She removes the breaded low-cost delicacies with a
certain Victorian elegance, spinning around to address the curious crowd.
“Okay, who wants to be the first to try?”
As the crowd draws closer drooling with anticipation
in a response that would make Pavlov proud, a shrill prehistoric bone-chilling
cry rings out.
- - -
In the grocery store’s bubble Dave, the security
guard, slumbers in a wooden chair propped up against the wall. On a closed
circuit TV different angles of Longfellow’s flicker in black and white. The ear
piercing audible onslaught sends Dave ricocheting rumbling rocketing to the
monitor where Jacobson is seen clawing his way to the front of the pack.
Recognizing the familiar old man Dave sighs, slants his chair, and slinks back
into it.
- - -
With the power of a million stampeding wildebeests
Jacobson flips up Jane’s tray of free samples summoning righteous indignation
not seen since Jesus in the temple of the moneychangers. Coconut shrimp
projectiles fly everywhere. Jane becomes unhinged and tries catching the tasty
in-between meal snacks in mid-air. Unfortunately, Jane trips and lands face
first in the kiwi salsa. Unfortunate for the worker’s comp. claim adjuster that
is.
- - -
With Dean Martin cool Skid scans the last of Mrs. Robertson’s
purchases.
Boop. Boop. Boop.
“How do ya wanna pay fer dat, Mrs. R?”
“Check,” she says.
“Then I’m goinga have to see some ID.”
Squinting and pursing her mouth, arms folded in protest
stonewalling Skid.
Skid continues, “oh now ya wanna be friends huh?”

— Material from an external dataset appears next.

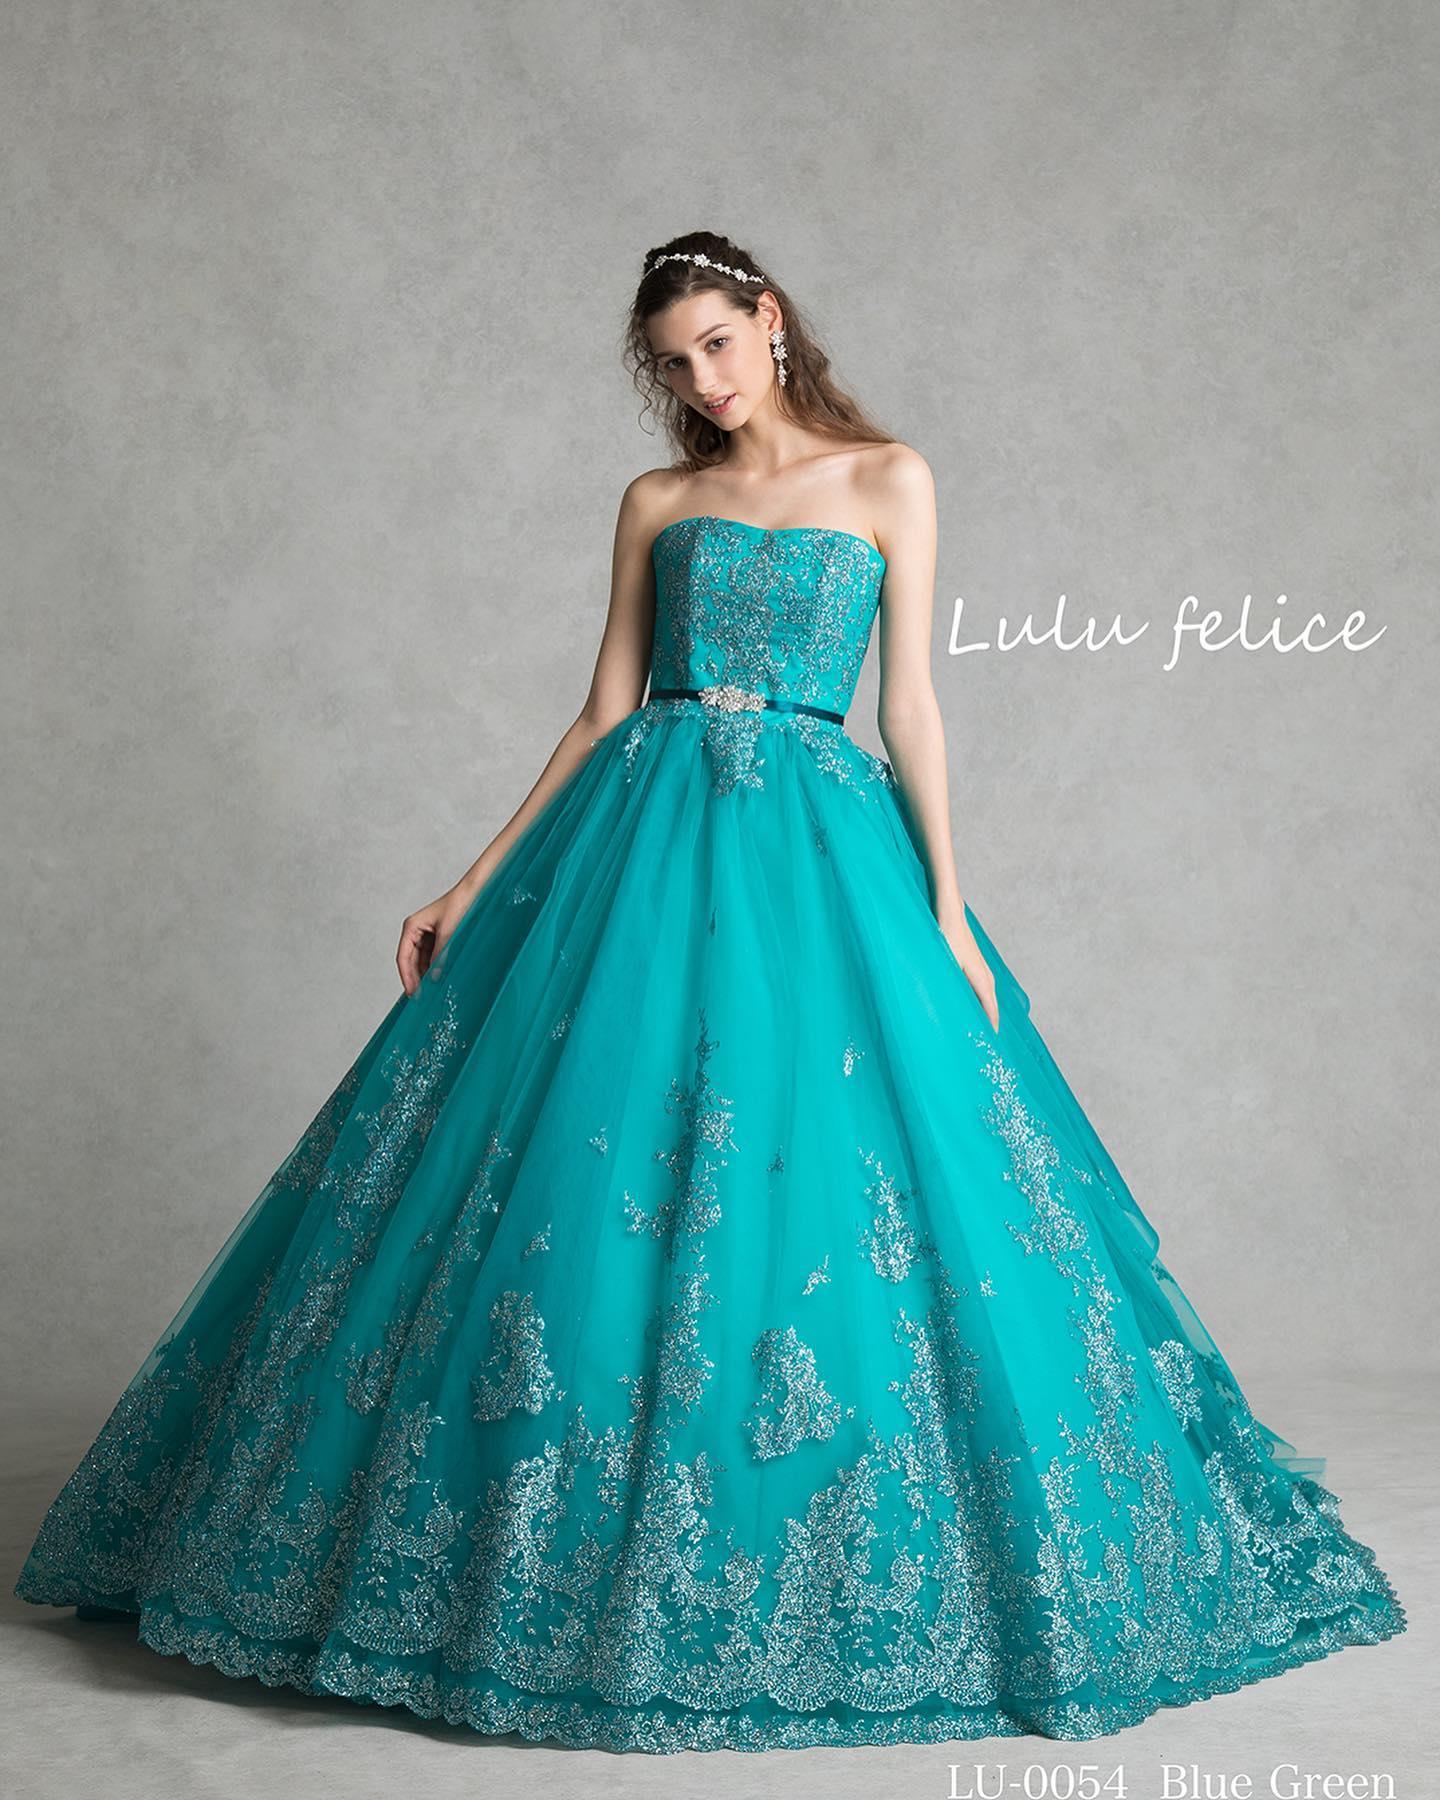 本日はLuLu felice(ルル フェリーチェ)のカラードレスをご紹介・深みのある色合いと裾にあしらわれた上品なグリッターが美しいブルーグリーンのドレス・バックスタイルはペプラム使いでほど良いボリュームがあり華やかな印象高級感と可愛らしさをあわせ持つ魅力的な一着です・これからの季節にピッタリの一着ご予約お待ちしております🕊・【Lulu felice】LU-0054レンタル価格:220,000・#wedding #weddingdress #bridalhiro  #lulufelice#ウェディングドレス #プレ花嫁 #ドレス試着 #2021夏婚 #2021冬婚 #ヘアメイク #結婚式  #ドレス選び #前撮り #後撮り #フォトウェディング #ウェディングヘア  #フォト婚 #前撮り写真 #ブライダルフォト #カップルフォト #ウェディングドレス探し #ウェディングドレス試着 #レンタルドレス #ドレスショップ #家族婚 #ブライダルヒロ #ゼクシィ #プリンセスライン #ドレス迷子 #ルルフェリーチェ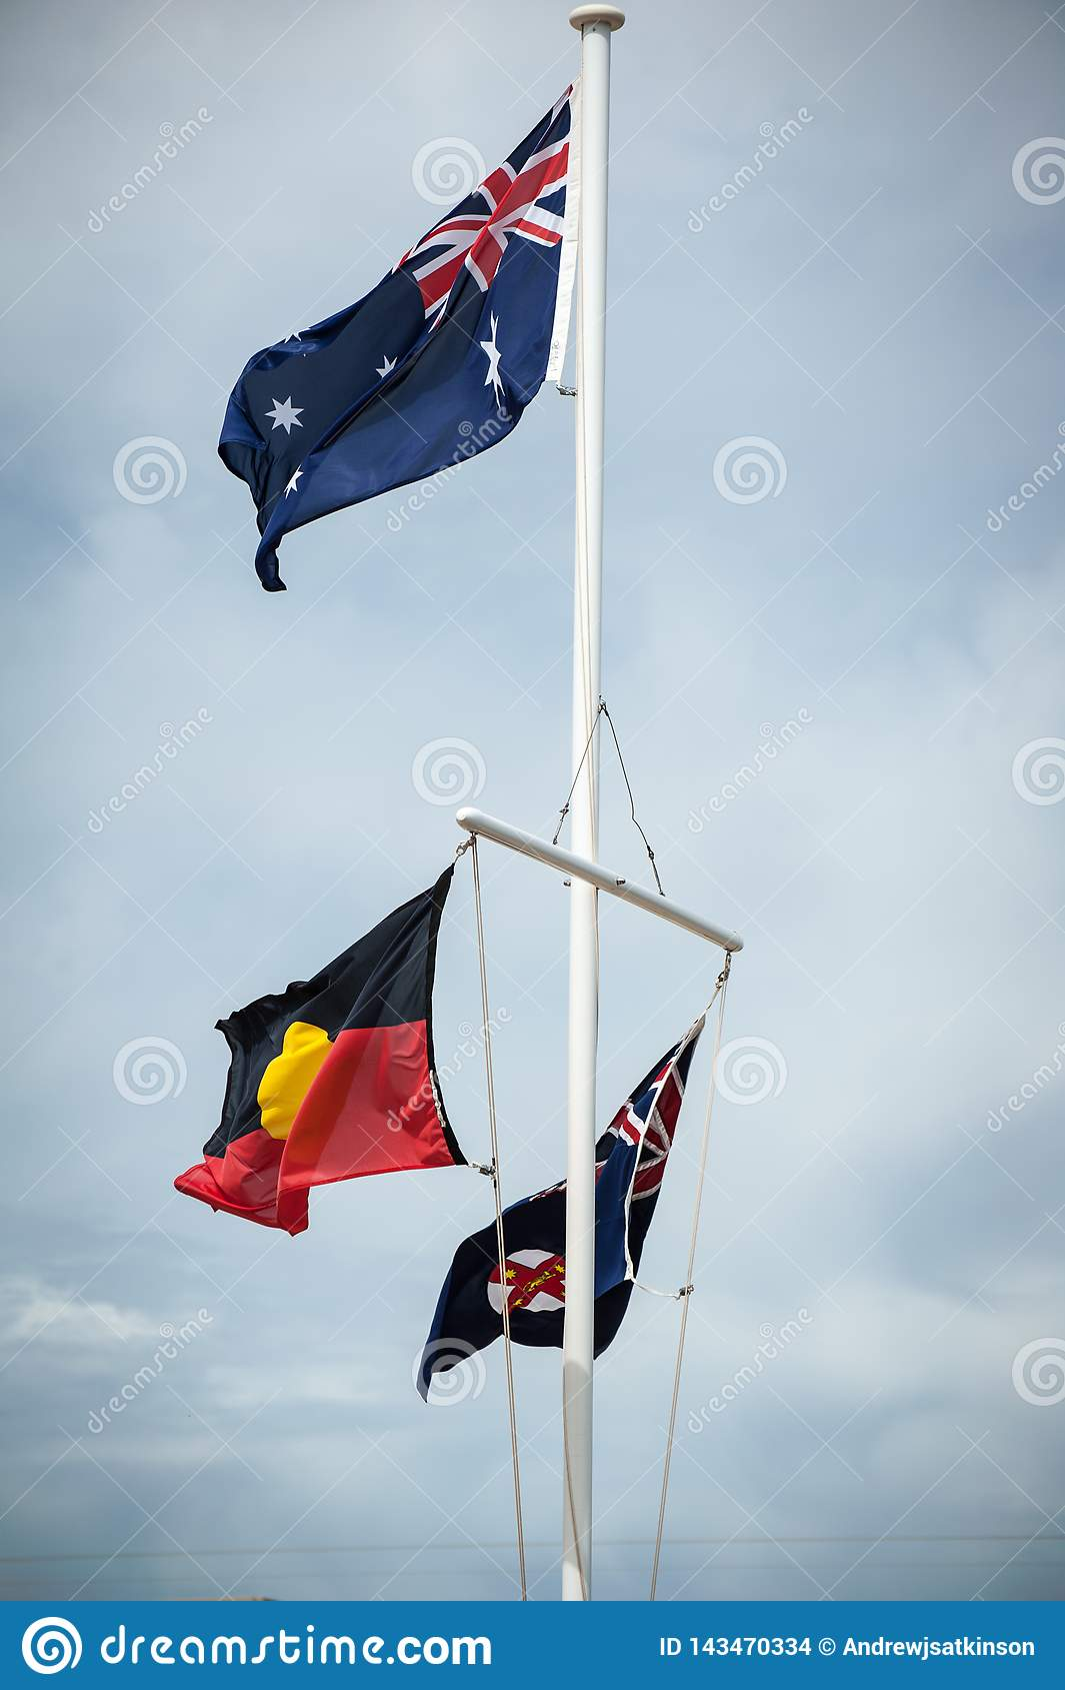 Asta de bandera que enarbola pabellón el australiano, aborígenes y Nuevo Gales del Sur

Amused Skid glances over his shoulder and shudders.
“Incoming!” He yells and ducks.
Mrs. Robertson remains unimpressed and rolls her eyes. Then
seeing what Skid saw she hits the deck. An egg arches past hitting the divider
wall with a splat!
“Wow,” Skid rises cautiously one eye above the counter.
Blink.
- - -
At times Jacobson’s existence seemed unbearable.
Memories haunted him. One day blurred into the next. The prices changed but
Jacobson did not. Just like tuna can logos that would change from a big lipped Caribbean fisherman, to a happy upright dolphin, and
eventually settling on a serrated golden crest; in the same way Jacobson was a
test of what the public would accept. The old man himself probably would have
put an end to the stem cell implants a long time ago if it were not for his
wife signing the medical forms like checks from a joint bank account.
“This false idol must come down,” Jacobson rages while rocking
an isle.
- - -
Mrs. Robertson scribbles out the check while shaking
her head.
“This is really out of hand,” she unnecessarily editorializes,
“Someone should really stop him!”
“Usually Mrs. Jacobson is here to pick ol’ Jacobson up about
this time. That is if she’s not busy snoggin’ the gardener.”
Bang. Crash. Bang
Skid leans into the crane necked microphone and
presses the button, “Clean up on isle twelve.”
Two of Longfellow’s employees dart by, one with mop other with
bucket.
Jacobson succeeds in toppling the isle. A wind escapes him
preceding a bombshell.
Calmly Skid’s back on the PA, “Clean up on isle thirteen.
Attention customers isle twelve is now isle thirteen. Please make note of the
merger. Thank you and have a pleasant shopping experience.”
Click.
Backtracking the cleaning crew dashes down an isle,
dripping, listening for the next shatter.
A lady behind Mrs. Robertson comes forward and pipes
up, “what’s going on here, should I call the police?”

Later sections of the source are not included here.